The after-tax incomes for occupational pensioners moved ahead rapidly in the 1980s in real terms compared with the incomes of non- occupational pensioners. In 1979, there was a 13 per cent difference between their median income levels but by 1989 the gap had grown to 50 per cent. Between 1979 and 1991 net income levels actually fell by 6 per cent, after allowing for inflation, among pensioners who had no occupational pension.

Although a growing proportion of those reaching retirement had some occupational pension - 60 per cent in 1991 compared to 55 per cent in 1989, about 40 per cent of men and women of pensionable age in 1991 had no such income with which to supplement their state pension.

However, receipt of an occupational pension does not guarantee a high income. Some occupational pensioners have low incomes while some without occupational pensions have relatively high incomes. Occupational pensioners with incomes below pounds 60 per week tended to have small occupational pensions (on average pounds 5 per week), small savings incomes (averaging 70p per week) and were unlikely to be living with younger people.
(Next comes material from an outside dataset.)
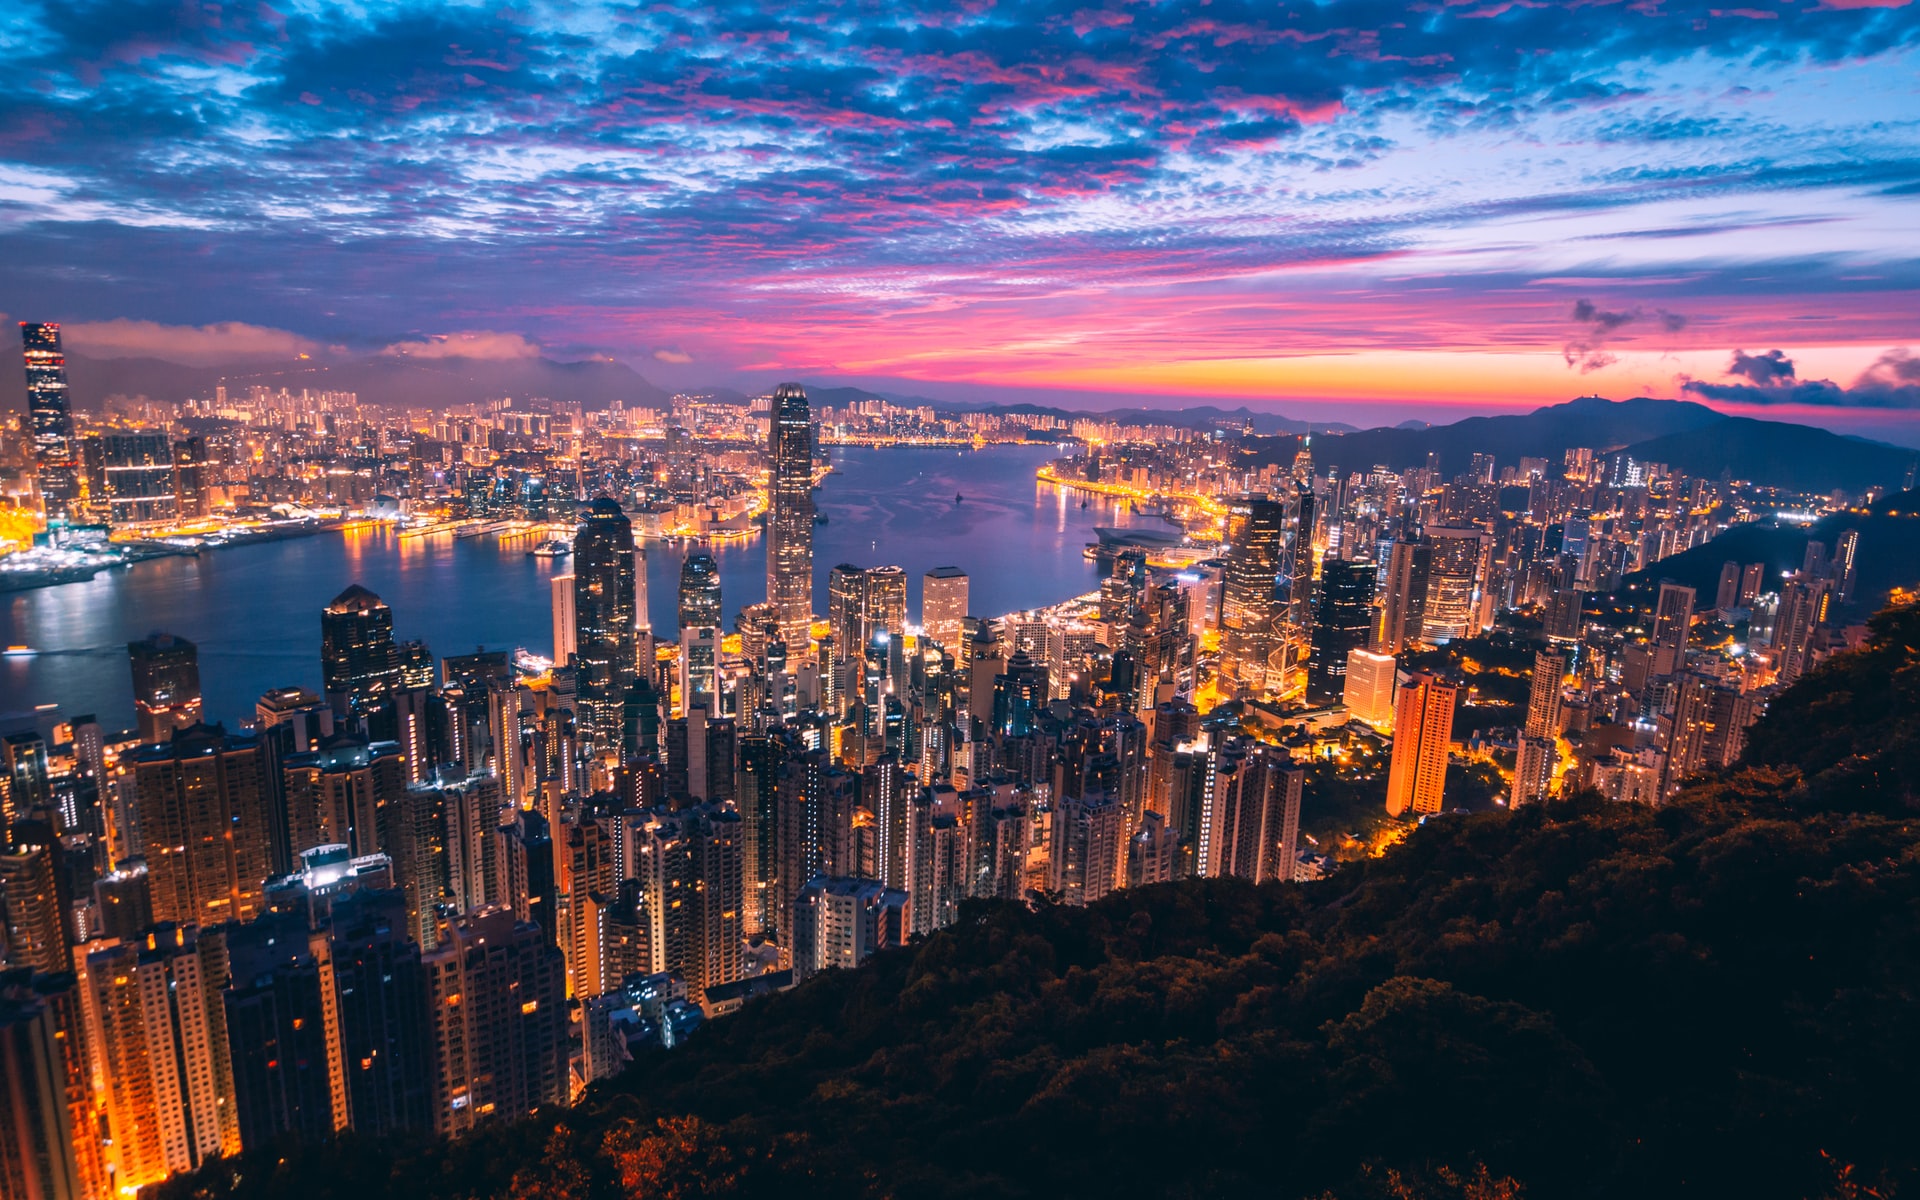 Beautiful nighttime view of Hong Kong

In contrast, non-occupational pensioners with incomes greater than pounds 100 were usually living with younger people whose earnings boosted household income; they also had higher than average income from savings.

The Financial Well-being of Elderly People, Social Policy Findings 57; The Homestead, 40 Water End, York YO3 6LP; free.

More Ways than Means: a Guide to Pensioners' Incomes in Great Britain during the 1980s; Ruth Hancock and Peter Weir; Age Concern Institute of Gerontology, King's College, London; pounds 7.